Raymond S.;1092061 said:


> No this isn't another "What plow should I buy" thread...well kinda. I'm putting a new plow on a 2011 F350 single cab single wheel. I had pretty much decided on a 9'2" VXT but then thought I'd give Western a call on the wideout. Got quoted $6300 installed on the Wideout and he said they pretty much stopped selling V plows as everyone is going to the wideout because of the extra width vs. a V in scoop position, etc. So I talk to the Boss guy and get quoted $5200 installed on the 9'2" VXT, and he says everyone's getting rid of the wideouts and going back to the V's because of the reliability vs. the wideout.
> So I would like some real world feedback on what you guys are installing on your trucks today, new, with having the option of both. Not necessarily what you "would" buy if you could or why your V is better because it's paid for, etc. I need to get this hammered out in the next week or so. Real world feedback is appreciated.
> Oh, primary use will be 20k-60k sq. ft. rectangular lots. I'm coming from mostly 8' straight blades with wings.
> 
> ...


You have to choose a plow on a couple of different criteria.....Dealer support is Huge...Also, you have to match the plow to the sites you are planning to use it on...From what i read...I would go with a Power Plow ( XLS, Wideout, Blizzard)...If you said you were going to do Mostly Diveways with some commercial sprinkled in i would have said a V.....


----------



## 2COR517 (Oct 23, 2008)

Have you considered a Snow Dogg XP?

http://www.snowdoggplows.com/snowDoggXP.html

Stainless moldboard, but of course still the chain. Lower cost than a DD plow, and feedback seems to be very good on Buyers quality and support.


----------



## Matson Snow (Oct 3, 2009)

2COR517;1094860 said:


> Have you considered a Snow Dogg XP?
> 
> http://www.snowdoggplows.com/snowDoggXP.html
> 
> Stainless moldboard, but of course still the chain. Lower cost than a DD plow, and *feedback seems to be very good on Buyers quality and support*.

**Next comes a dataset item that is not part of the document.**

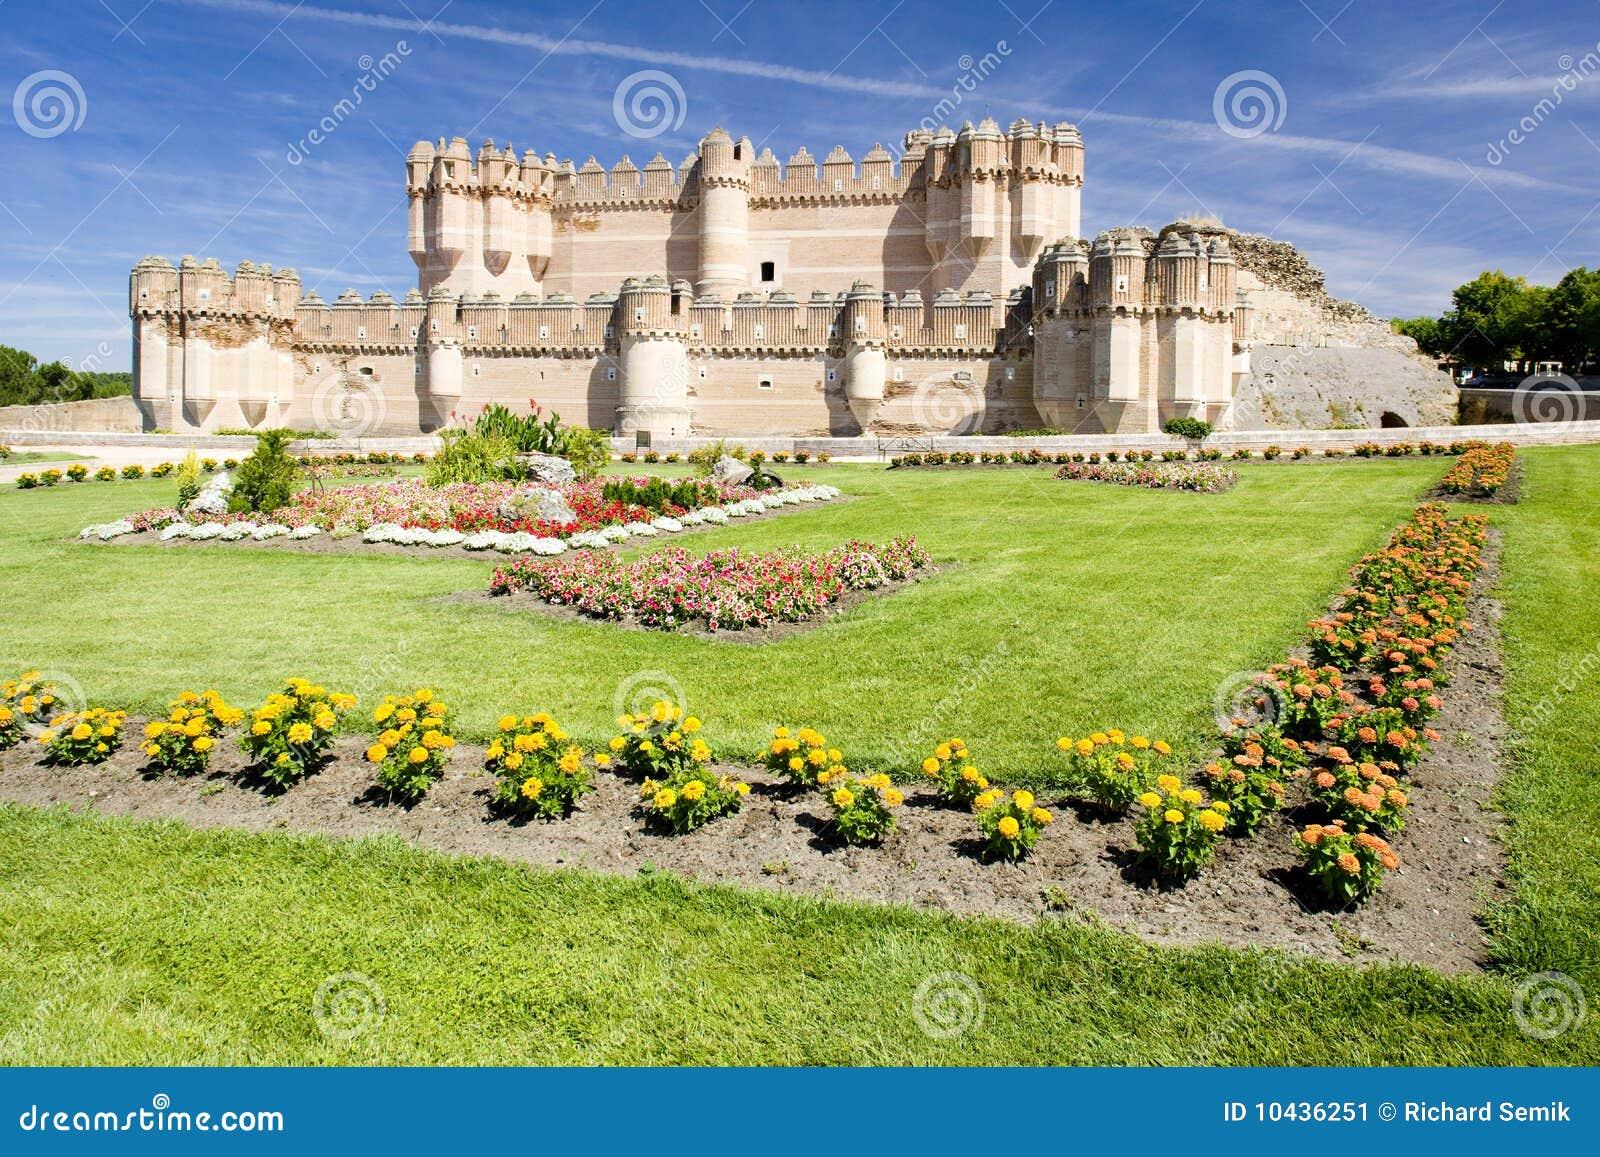 Castelo de coca 19460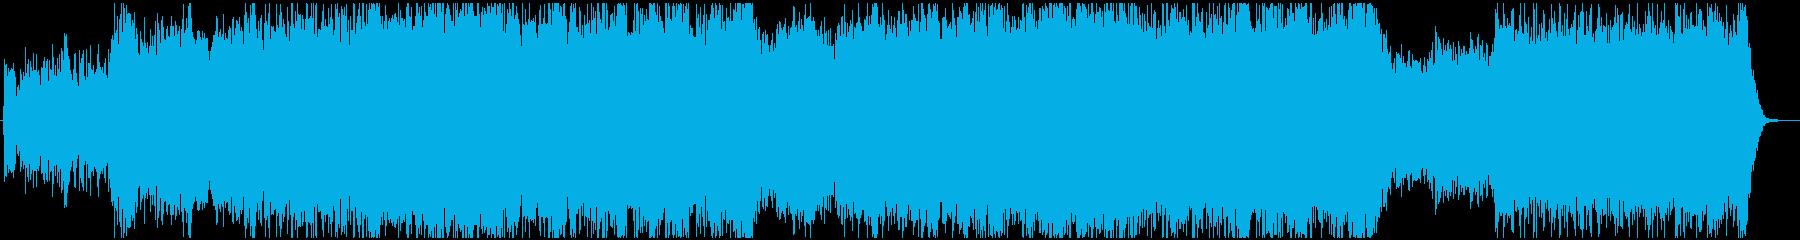 壮大なケルト・オーケストラの再生済みの波形

Plow has not even seen a snow flake and its the Greatest thing since sliced Bread...:laughing::laughing:...If i painted my XLS red and put Boss stickers on it..You would say thats the Greatest Plow EVER!!!!!....


----------



## 2COR517 (Oct 23, 2008)

If you painted your XLS red, we would call it a Wideout.

I was speaking of Buyers product support in general......


----------



## Matson Snow (Oct 3, 2009)

2COR517;1094872 said:


> If you painted your XLS red, we would call it a Wideout.
> 
> I was speaking of Buyers product support in general......


OK..Paint it Silver( I know its stainless) and Put Snow Puppy on it..It would be the Greatest Ever...Just having a Littttle Fun...Sorry .....:waving:


----------



## Pinky Demon (Jan 6, 2010)

Matson Snow;1094834 said:


> ....An XLS weighs a 1000#s and does just Fine on the Front of my Truck


Good for you. I don't want that much weight bouncing up and down on the front end of MY truck. You can do whatever you want.


----------



## plowguy43 (Jan 2, 2008)

ajslands;1092156 said:


> get the red one!
> 
> what kind of lots are you doing?


They're both red skippy.


----------



## 2COR517 (Oct 23, 2008)

Pinky Demon;1095258 said:


> Good for you. I don't want that much weight bouncing up and down on the front end of MY truck. You can do whatever you want.


The newer Fishers, at least the XV, have bumpstops for the A-frame. This keeps the chaine tight, eliminating the bouncing around. But it only works when the blade is fully up. If you need/want to keep it down for more air to the radiator, stay away from the railroad trucks.


----------



## PTSolutions (Dec 8, 2007)

i too am curious about the snow dogg xp plows.

my blizzard dealer is a hack whom also does snow plowing and i do everything i can to take business from him after how he treated us and the issues we had with our plow.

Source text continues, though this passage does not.